©Charity Hofert

Whether East meets West or North meets South, there is a common greeting though it may be masked under different names.  A greeting honoring the divine unity in all beings.

Art courtesy of Russ Kelly of Tulum Social Club

For instance, in Mayan tradition, there is a greeting referred to as the law of Lak’ech Ala K’in, which traditionally means “I am you, and you are me.”  This greeting signifies the importance of honoring each other. It is a statement of unity and oneness. Lak’ech Ala K’in mirrors the same esoteric essence of greetings in Namaste.

Photographer Unknown

Namaste comes from the Sanskrit word “namah (bow) and te (you)”; it is both a Hindi and Nepali word with a literal translation: “bow me you” or “I bow to you.” The hands are brought together and held over the heart, bowing, with eyes closed, and mind surrendered to the divine love within. According to Aadil Palkhivala, one of the world’s top yoga teachers, “The gesture is an acknowledgment of the soul in one by the soul in another.” Namaste is a gesture that is used in various contexts. On one hand it is used for greeting elders; on the other, it is used in the practice of yoga as an important Mudra. Though widely used in the practice of Buddhism, Namaste also signifies reverence and honor on the part of one person towards another being.  This is also similar to Gassho.

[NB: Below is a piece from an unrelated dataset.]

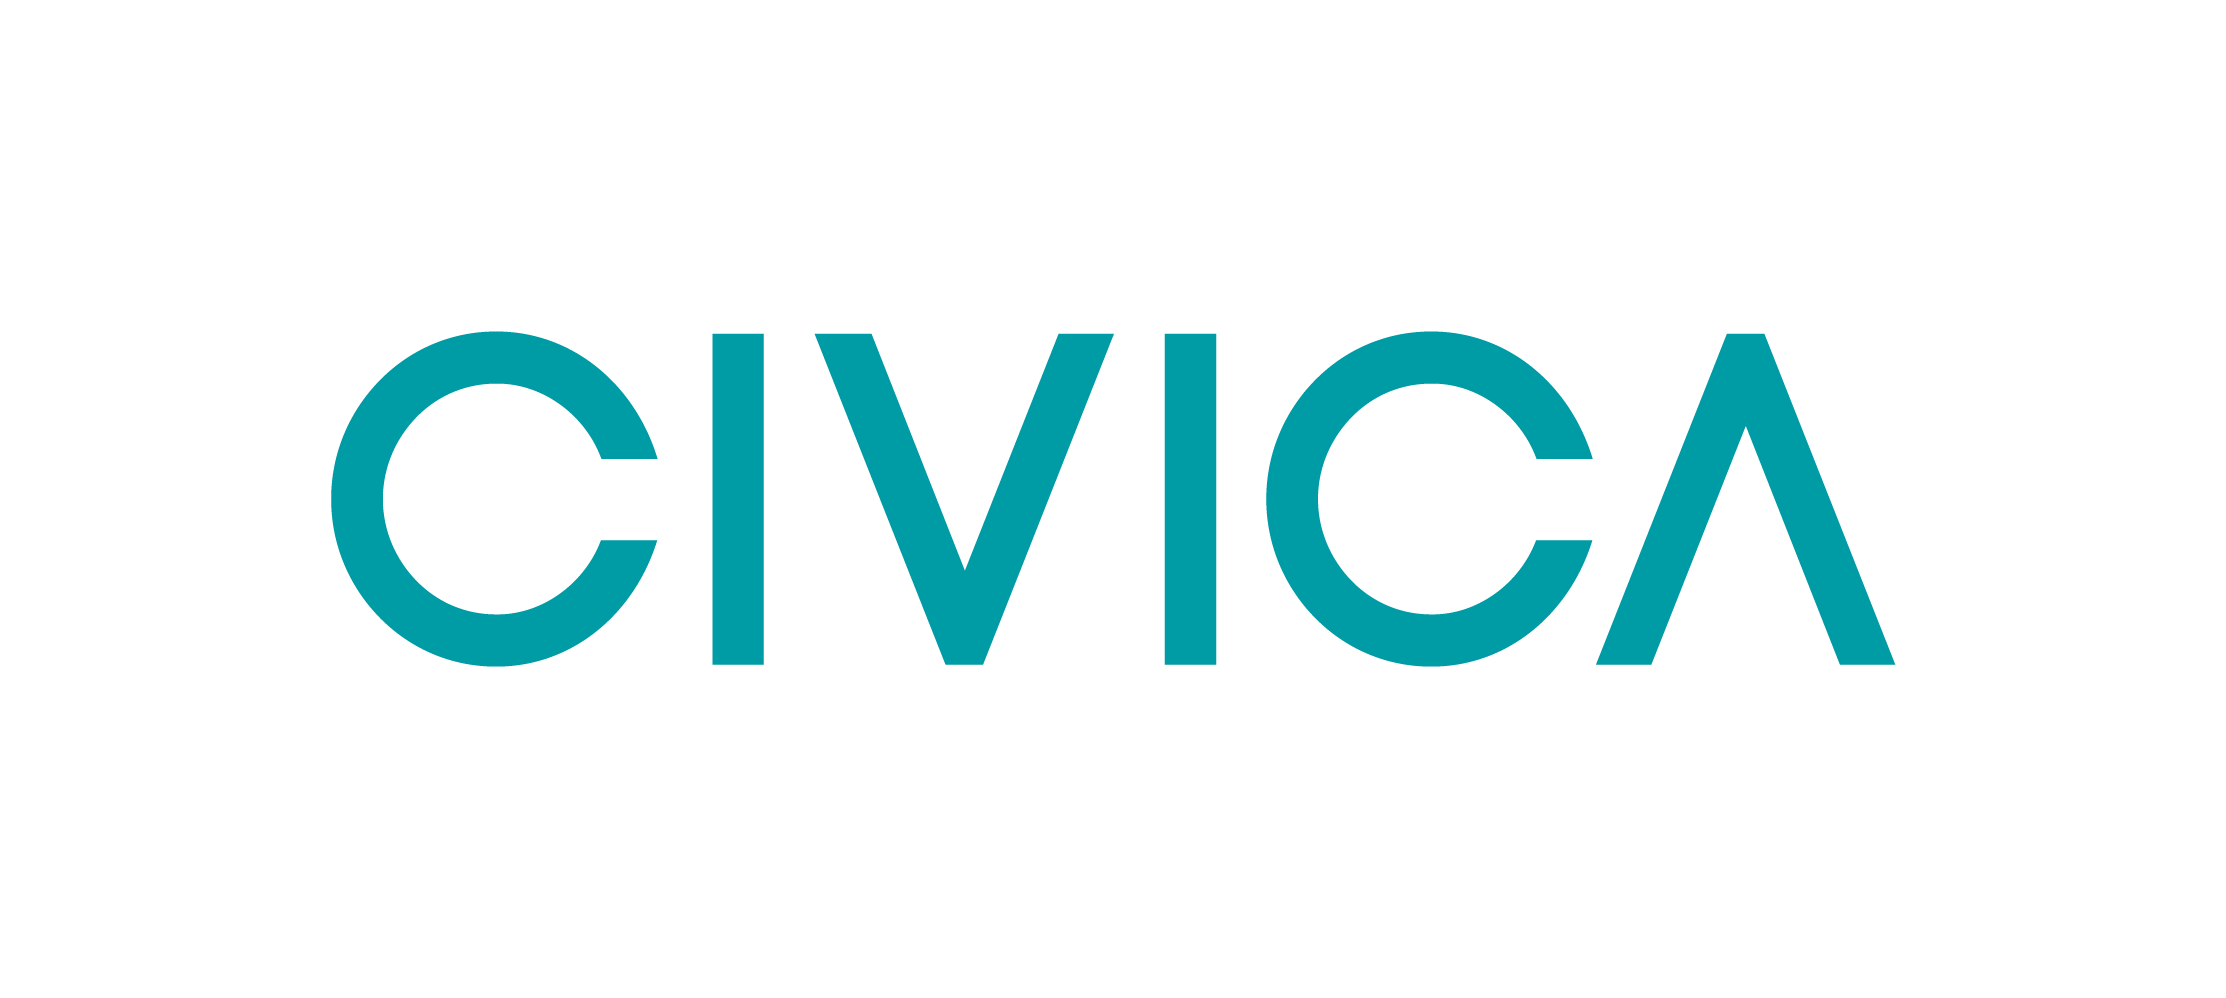 Civica our main sponsor

Gassho is important in the practice of traditional Japanese Reiki. The gesture is both a hand position and a term of greeting and salutation. As a hand position the palms are placed together with the fingers pointing upwards with the joined hands positioned in front of and touching the sternum. In some traditions the joined hands are place directly in front of the face. When used as an expression verbally the hand position is implied. Gassho is an expression of respect, appreciation, and prayer.

At that time Shariputra’s mind danced with joy. Then he immediately stood up, pressed his palms together, gazed up in reverence at the face of the Honored-One, and said to the Buddha, “Just now, when I heard from the World-Honored One, this voice of the Law, voltarol my mind seemed to dance and I gained what I had never had before. (Chapter 3 of the Lotus Sutra)

In certain religions, such as Christianity and Catholicism, a similar gesture is used and it is referred to as Prayer. The hands are brought together tip to tip, palm to palm, pointing towards the heavens.  It is a gesture of reverence to the divine creator or God.  Some consider prayer as talking to God and meditation listening to God. Regardless of whether the practitioner is talking or listening to the Divine One, it requires mindfulness, a heart-attitude of love, humbleness and faith. What we think in the deepest part of our hearts, about God, about ourselves and about other people, is more important than what we say to God and is more important than how we say it. As in all that we do in our lives, including as we seek to pray, a check of our motives ought to come before a check of our actions. The reason is that why we do something is more important than what we do.

So, essentially, whether one comes from the North, South, East or West, regardless of the culture or religion, when greeting another being, and that greeting comes from the heart, from the Soul, the message is the same: divine universal honor and respect.

“Wakan Tanka, Great Mystery,
teach me how to trust my heart,
my mind,
my intuition,
my inner knowing,
the senses of my body,
the blessings of my spirit.
Teach me to trust these things
so that I may enter my Sacred Space
and love beyond my fear,
and thus Walk in Balance
with the passing of each glorious Sun.”